A: It really depends on the situation of your loved one. When I first started out, it was only once every few days as I was totally afraid and not familiar with the process. It was not enough and she had a lot of phlegm buildup. She was always coughing and lethargic. Eventually I increase the frequency of the phlegm suction. At first it was about once, then move to twice/three times a day. Now, I do it many times a day because the phlegm in her throat is thick and sticky. If I do not get them out, they would harden and turn into a choking hazard.

My mom’s GI specialist told me that if her phlegm production is a lot, I should do phlegm suction for her before each meal. She said a person produces up to 2 litres of secretions per day and imagine if we cannot get rid of it, it would accumulate and cause aspiration pneumonia.

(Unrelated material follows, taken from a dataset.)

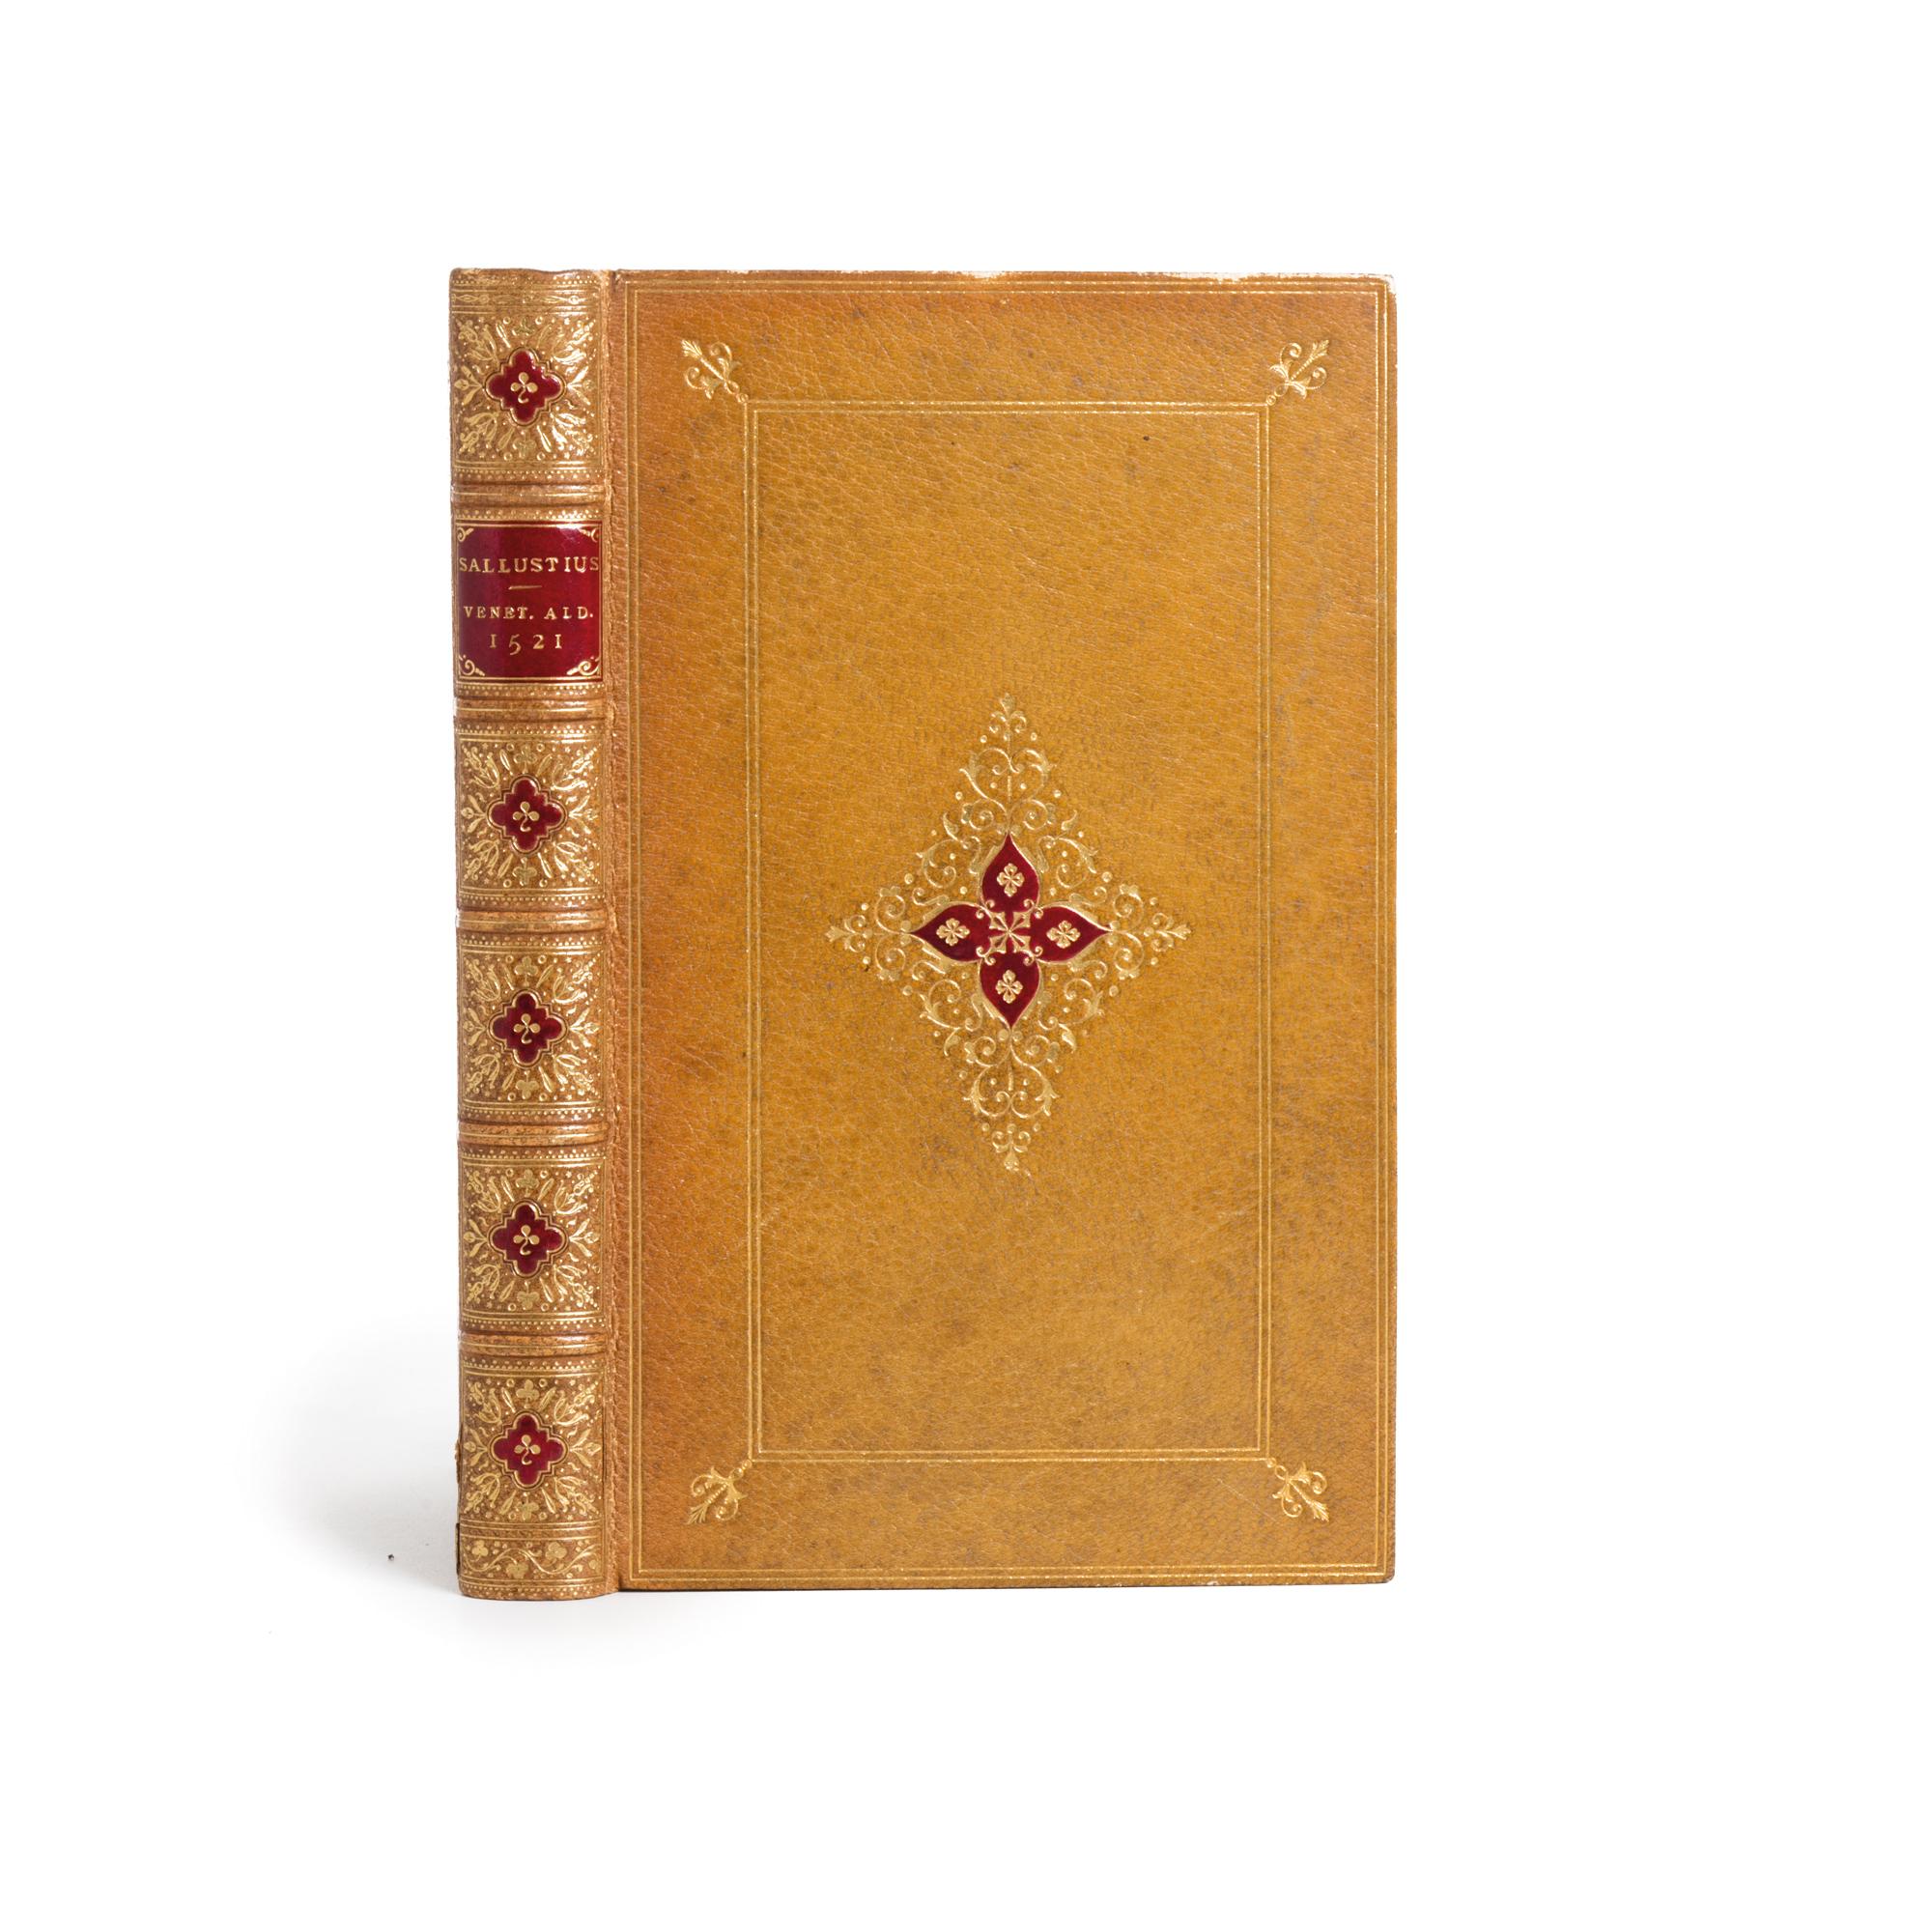 De coniuratione Catilinae. Eiusdem De bello Iugurthino. Orationes quaedam ex libris Historiarum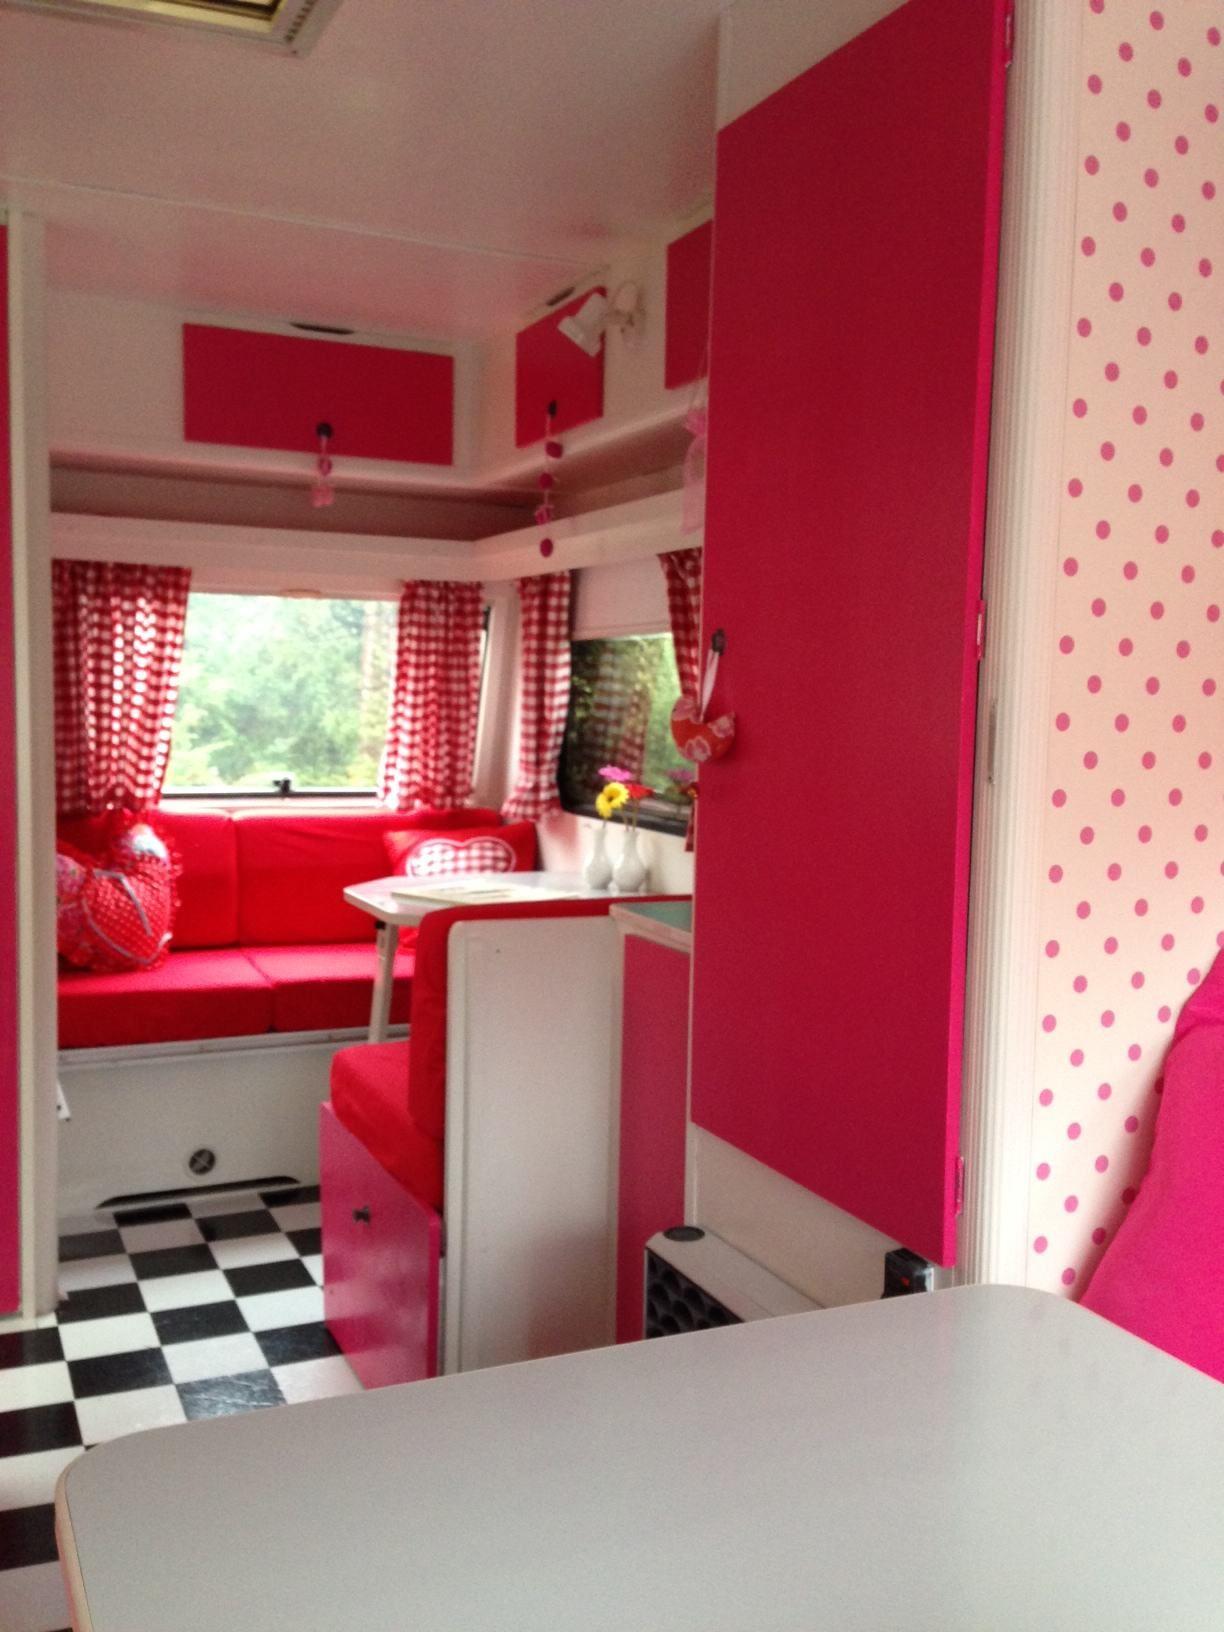 Rood met witte stippen caravanity happy campers lifestyle - Kamer in rood en grijs ...

From my learnings in ALS support groups, I realized phlegm suction needs to be done regularly for someone who could not longer swallow well. I now do between 5 to 8 times per day and it has helped to reduce her choking episodes:

  • first thing in the morning after changing her diapers. A lot of phlegm buildup during the night
  • before lunch (she tends to have a lot of phlegm during this time)
  • at about 3 to 4pm (she has a lot of phlegm during this time)
  • before dinner (about 5.30pm)
  • before supper (for tube feeding, she is to be fed 4 times a day with the 4th meal at about 11pm. I do phlegm suction before the 4th meal). Usually a lot of phlegm too.

In between, I may perform more suction if she coughs or I hear heavy phlegm sounds. For example in the mid morning, sometimes at 3am or at about 8pm. I use at least 4 catheter per day to do the suction.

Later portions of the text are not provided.